After a few silent moments, Jacob rose again and returned to Dixie's room.

"I saw our son, honey. He took my finger and looked me in the eye. I think he'll be all right," Jacob told her, gently smoothing her hair away from where it fell on her back, gritting his teeth to avoid cringing from touching her bruised and broken skin.

"Lif? Babef can chee oo?" she mumbled.

"Yes sweetheart. He's alive, and he can see me," he reassured her, feeling as if the enormous weight of the mountains descended upon him, pulling him down into the earth. "I'm going to go now, let you sleep. I'll be back in the morning." Jacob didn't want to admit he couldn't take seeing her this way and had to leave lest he would scream.

"F'kay. Shtird. Luf oo."

"I know you're tired, honey. I love you too." Jacob bent and softly kissed her hand then slipped out of the room. William again put his arm around him and the two men walked quietly out of the hospital into the now roiling storm winds. Jacob stood and watched the storm clouds with the tunnel vision of shock, noticing curiously that the main bank of the storm seemed to be rolling away from them, but one laggard cloud was standing still, directly overhead. He named the cloud Greed, and soundly cussed it out in Welsh, running around in circles in the field near the hospital, leaping into the air, reaching his hands over his head in fists, taking swings at God. Jacob knew in his heart had he continued in the mine rather than opening the store this would never have happened, and took all the guilt of the war and the social change and the economy and his family's pain on his singular shoulders. William simply watched, allowing his friend to vent, hoping this cloud too, will pass. He personally was relieved and grateful the baby and Dixie survived, and was confused Jacob was all anger and no thankfulness for that gift of God.

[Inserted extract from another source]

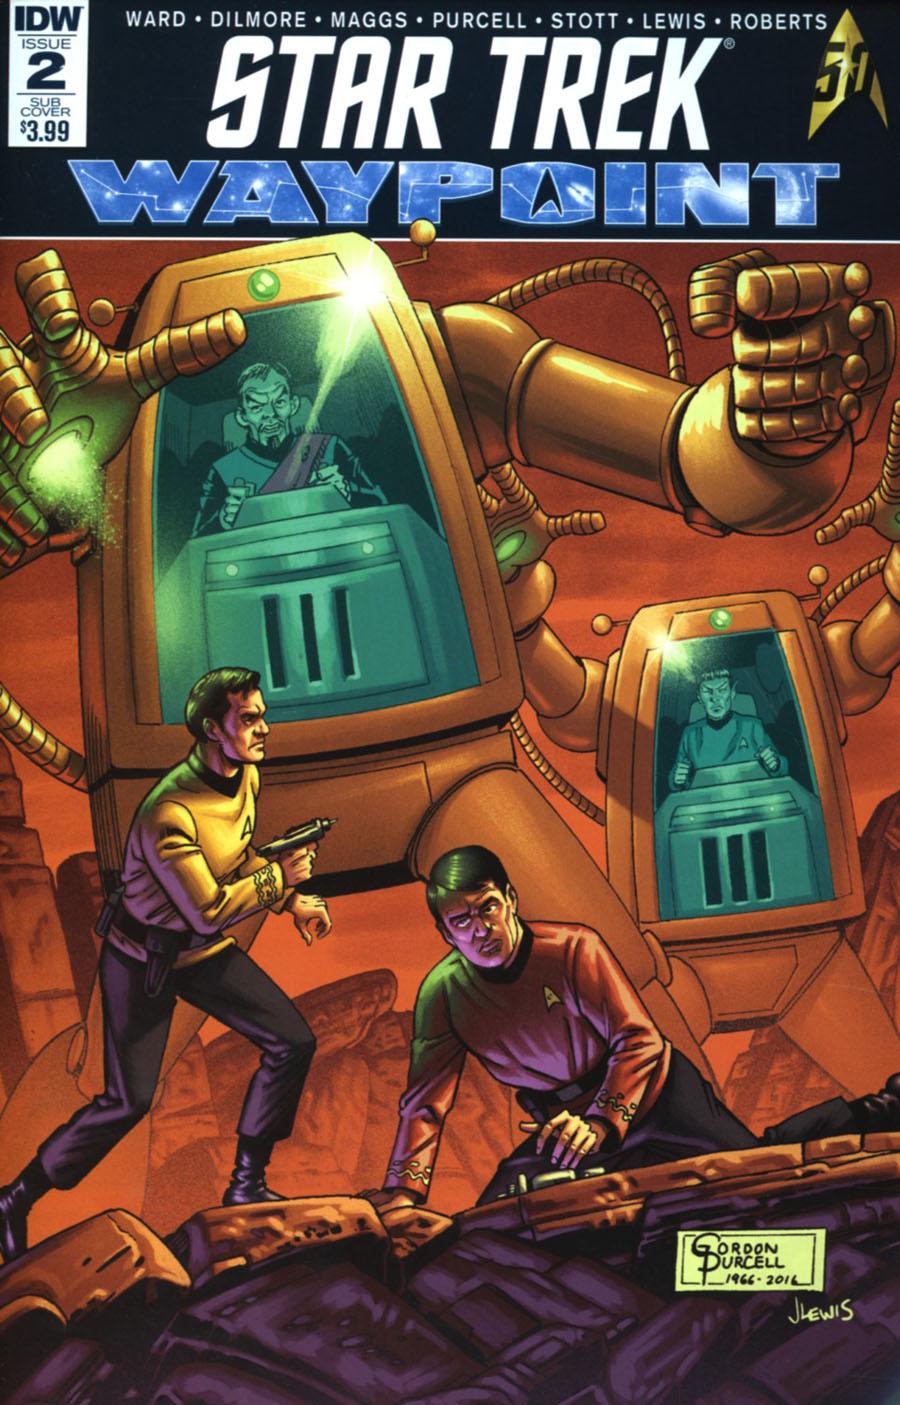 Star Trek Waypoint #2 Cover B Variant Gordon Purcell Subscription Cover
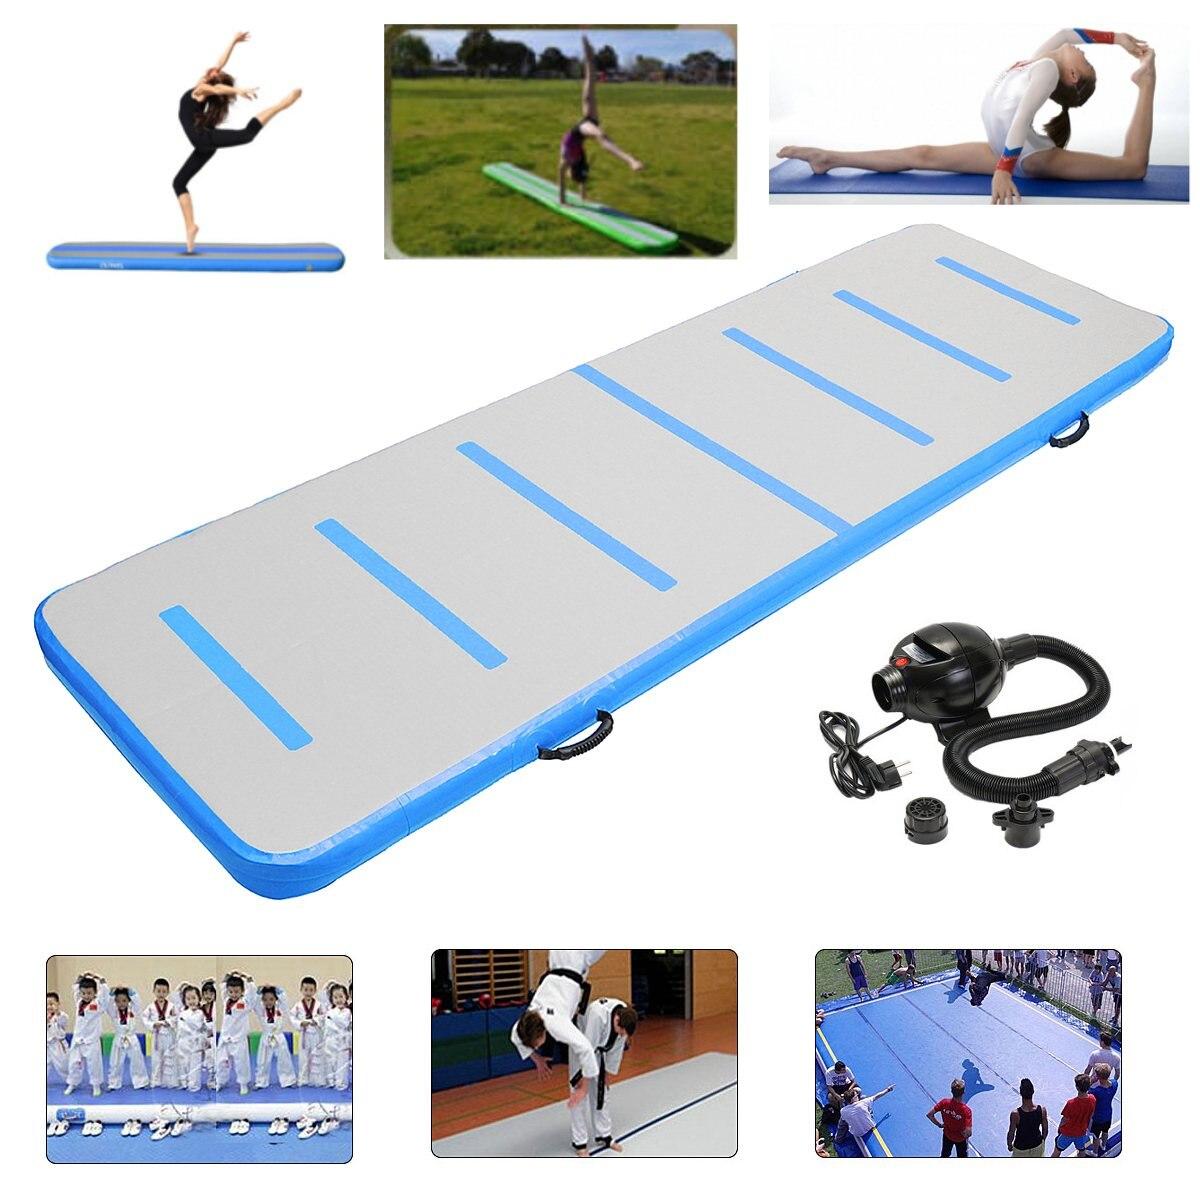 HOT 300x90x10cm 300x90x10cm Inflatable Air Track Tumbling Floor Gymnastics Training Pad GYM Mat Taekwondo Air Cushion with pump target kick pad for taekwondo training black red

Dixie and the baby were in the hospital three months, where miracles of healing were celebrated daily, champagne purchased in New York and smuggled into Ohio popped for the day Dixie rolled over, and a full blown party thrown when the baby, now named Jacob Luc Saer, Jr., or "Cobb," had his tubes removed and was taken off the respirator. Cobb being the second baby in the world to survive this experimental procedure, even the doctors celebrated when he was declared in "satisfactory" condition. Dixie had a hard time coming off the morphine, for they left her on it longer than usual not only to numb the physical pain, but to dull the psychic pain, freeing her soul to rest and heal. She grew to like feeling nothing, having to think of nothing, and wholeheartedly resented being thrust back into the real world. But visits from Victory, when her mother and brother were finally "presentable" without shocking the child, brought Dixie back around, giggling with her, hiding her winces when the laughter shook her shoulders and ribs, watching her little one sit on the windowsill, bobbing one leg, and telling her mother all about the critical social life of her dolls. Homecoming was celebrated with a grande pot luck dinner, where Jacob called everyone he knew and invited them over to see Dixie back on her feet again and to formally meet his son, and the solitary house sang and danced and was filled with light.